On Tue, 2010-02-16 at 10:35 +0100, Tim Terlegård wrote:
> I actually tried SSD yesterday. Queries which need to go to disk are
> much faster now. I did expect that warmup for sort fields would be
> much quicker as well, but that seems to be cpu bound.

That and bulk I/O. The sorter imports the Terms into RAM by iterating,
which means that the IO-access for this is sequential. Most modern SSDs
are faster than conventional harddisks for this, but not by much.

> It still takes a minute to cache the six sort fields of the 40 million 
> document index.

I am not aware of any solutions to this, besides beefing hardware bulk
reads and processor speed (the sorter is not threaded as far as I
remember). It it technically possible to move this step to the indexer,
but the only win would be for setups with few builders and many
searchers.

> Are there any differences among SSD disks. Why is Intel X25-M your favourite?

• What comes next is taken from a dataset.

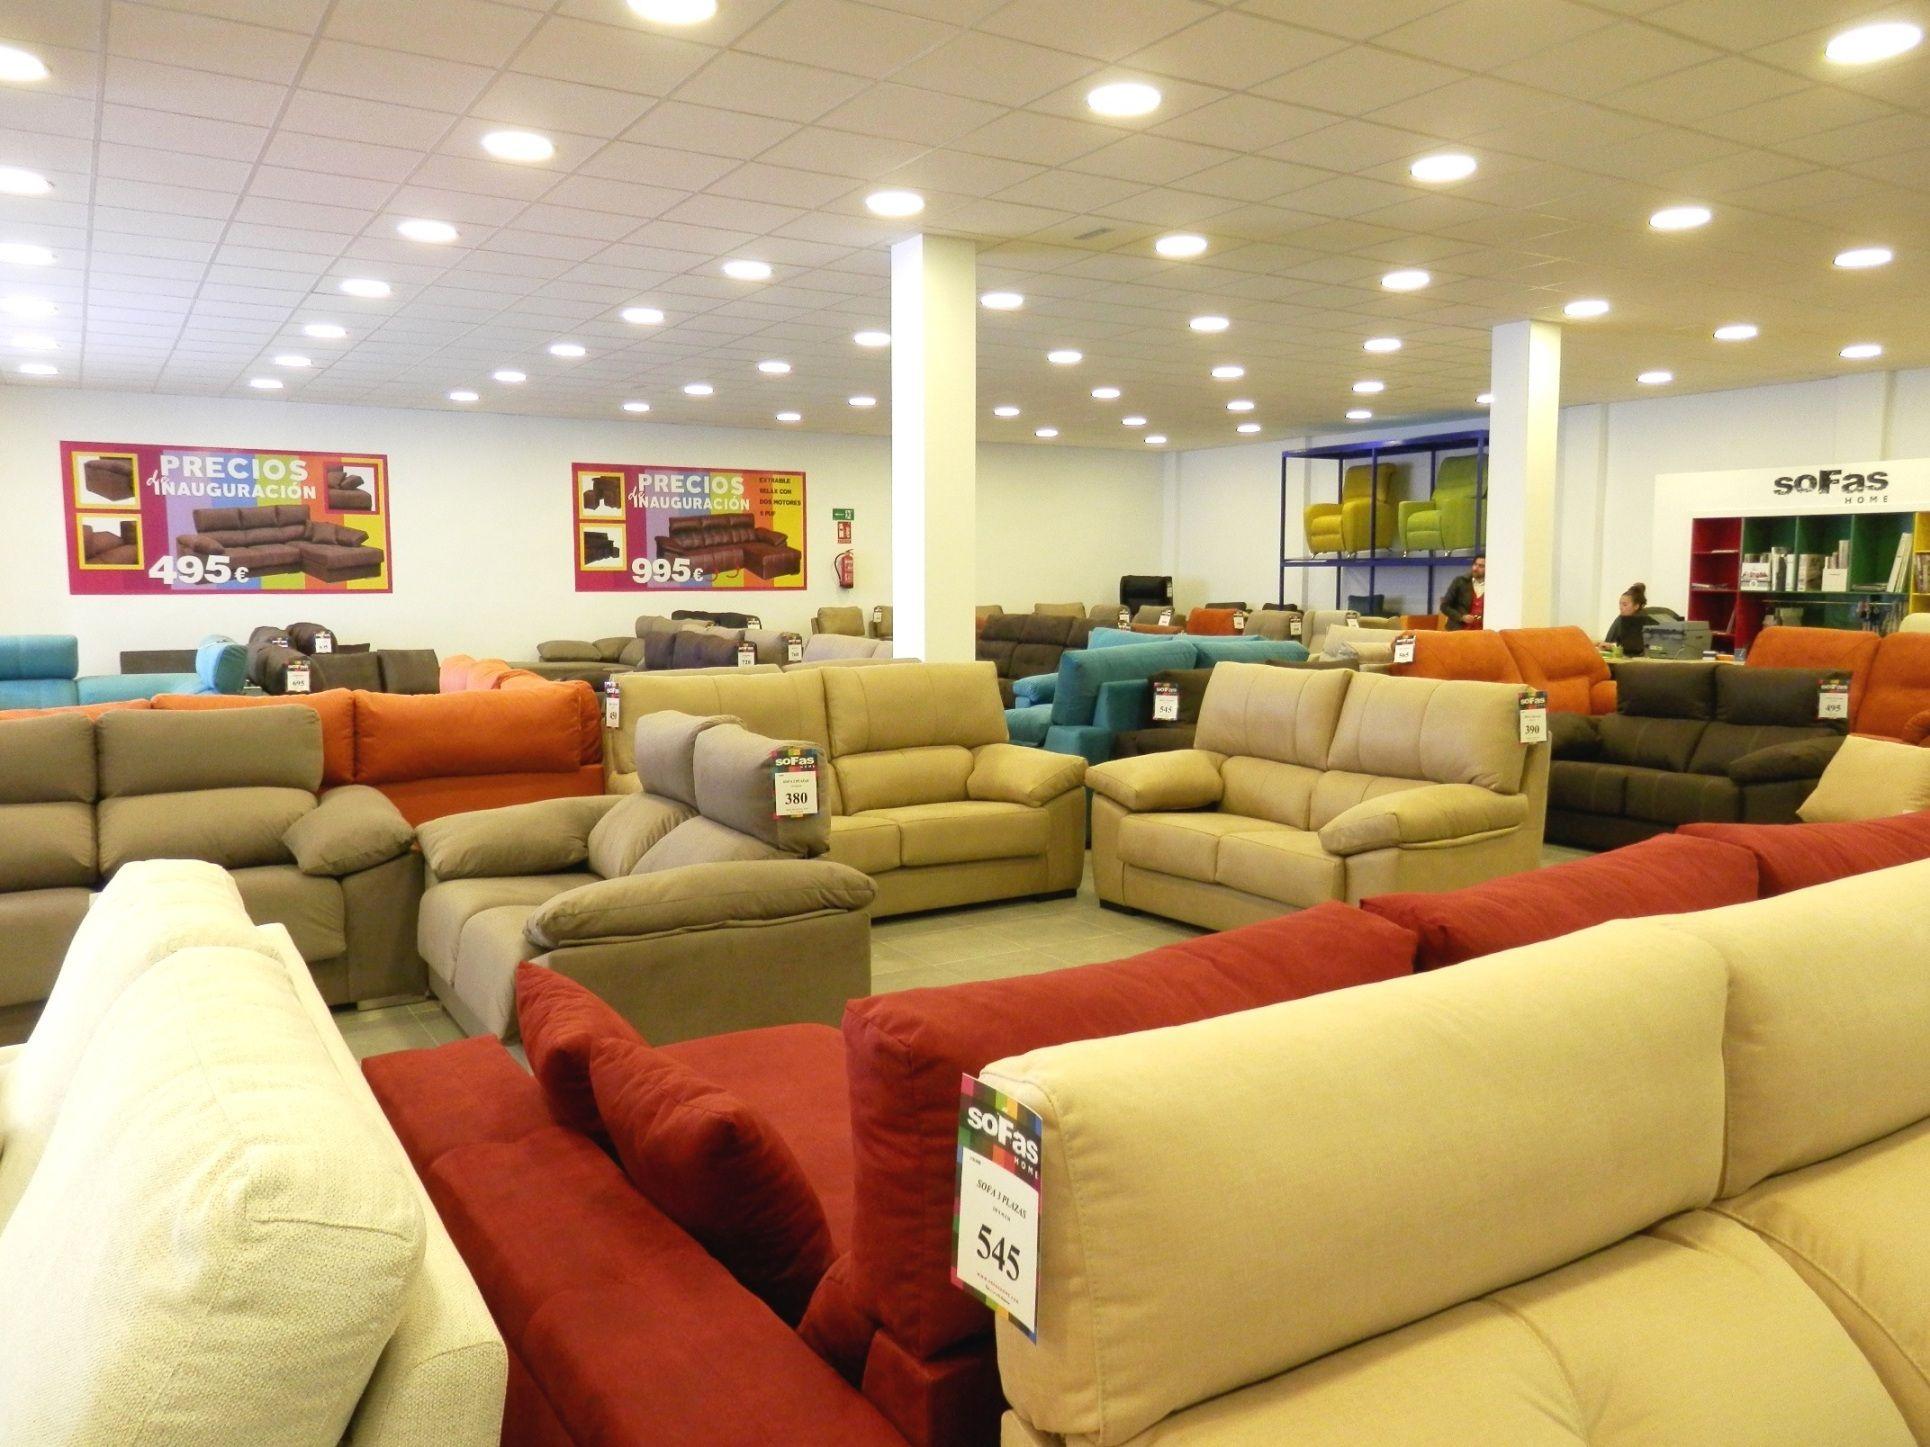 Tienda de muebles liken sevilla obtenga ideas dise o de for Fabricantes de muebles en sevilla
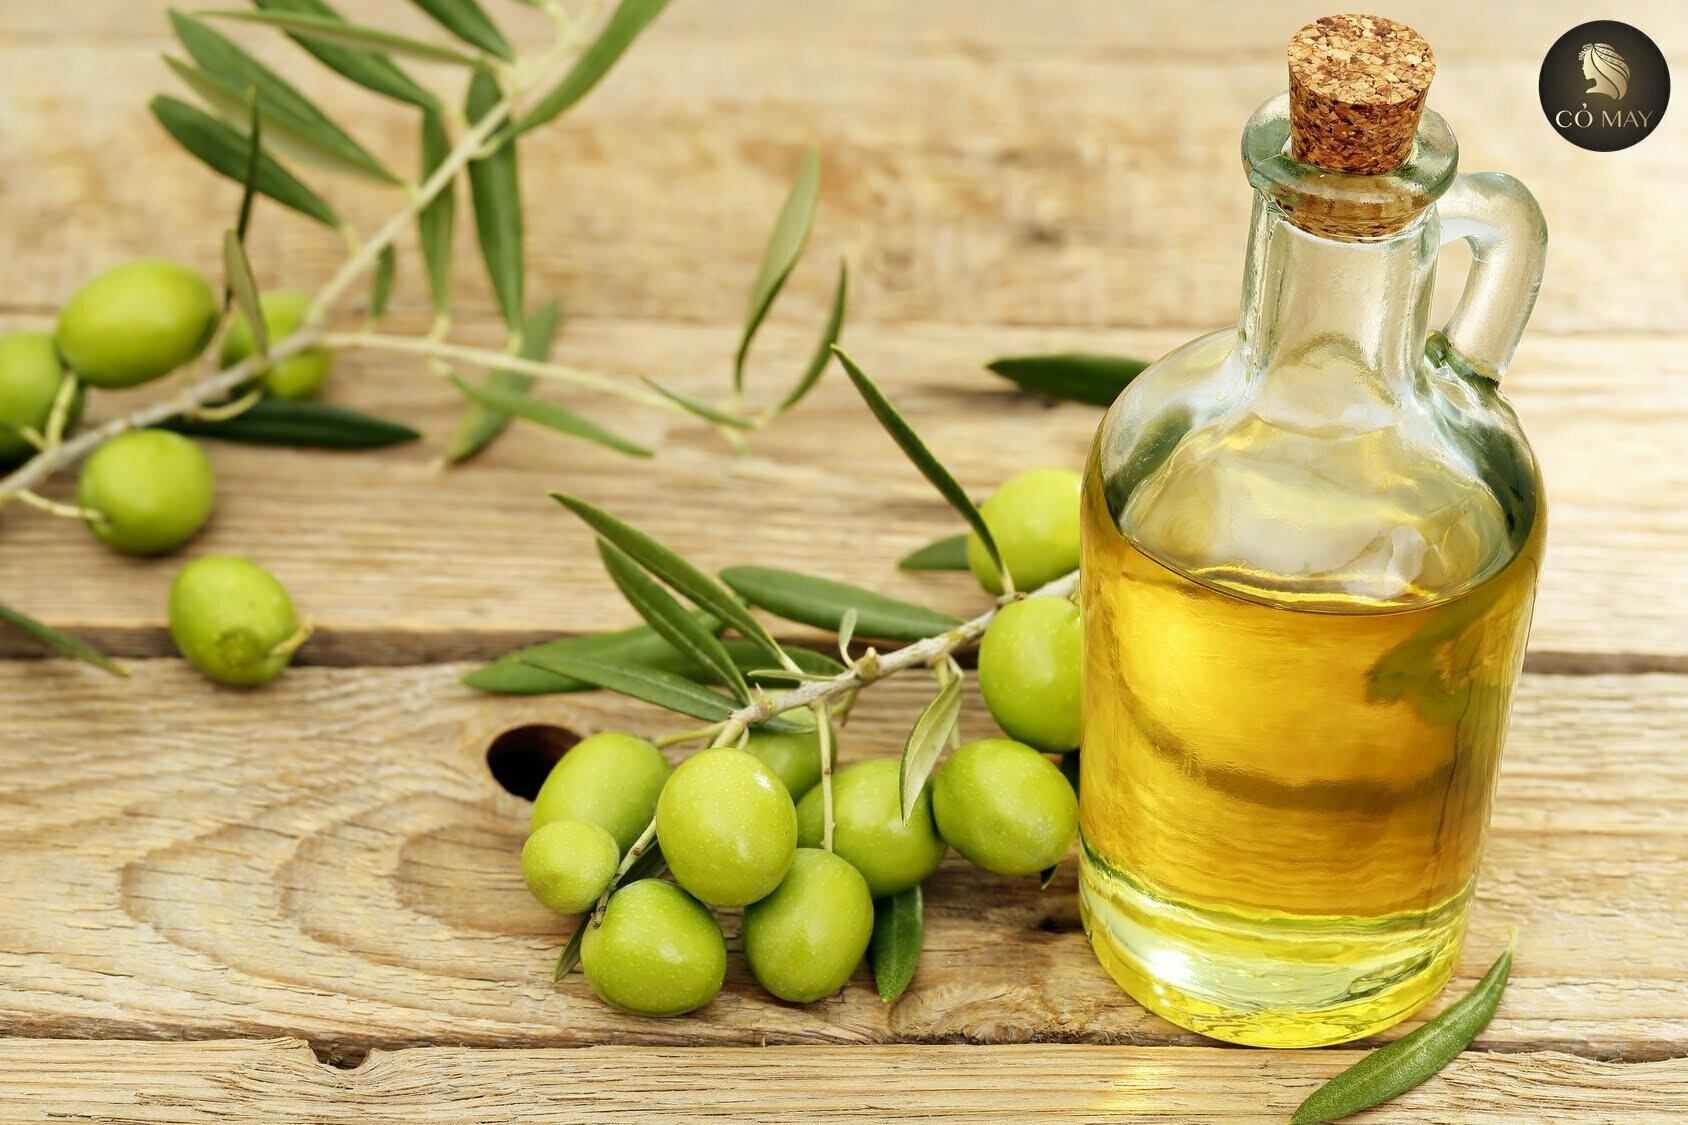 chăm sóc tóc bằng dầu oliu

A soft reason is that I have faith in support from Intel: There has been
problems with earlier versions of the drive (nuking content in some
edge-cases and performance degradation (which hits all SSDs)) and Intel
has responded well by acknowledging the problems and resolving them.
That's very subjective though and I'm sure that some would turn that
around and say that Intel delivered crap in the first place.

On the harder side, the Intel drive is surprisingly cheap and provides
random IO performance ahead of most competitors. Especially for random
writes, which is normally the weak point for SSDs. Some graphs can be
found at Anandtech: 
http://anandtech.com/storage/showdoc.aspx?i=3631&p=22
Anandtech is BTW a very fine starting point on SSD's as they go into
details that too many reviewers skip over.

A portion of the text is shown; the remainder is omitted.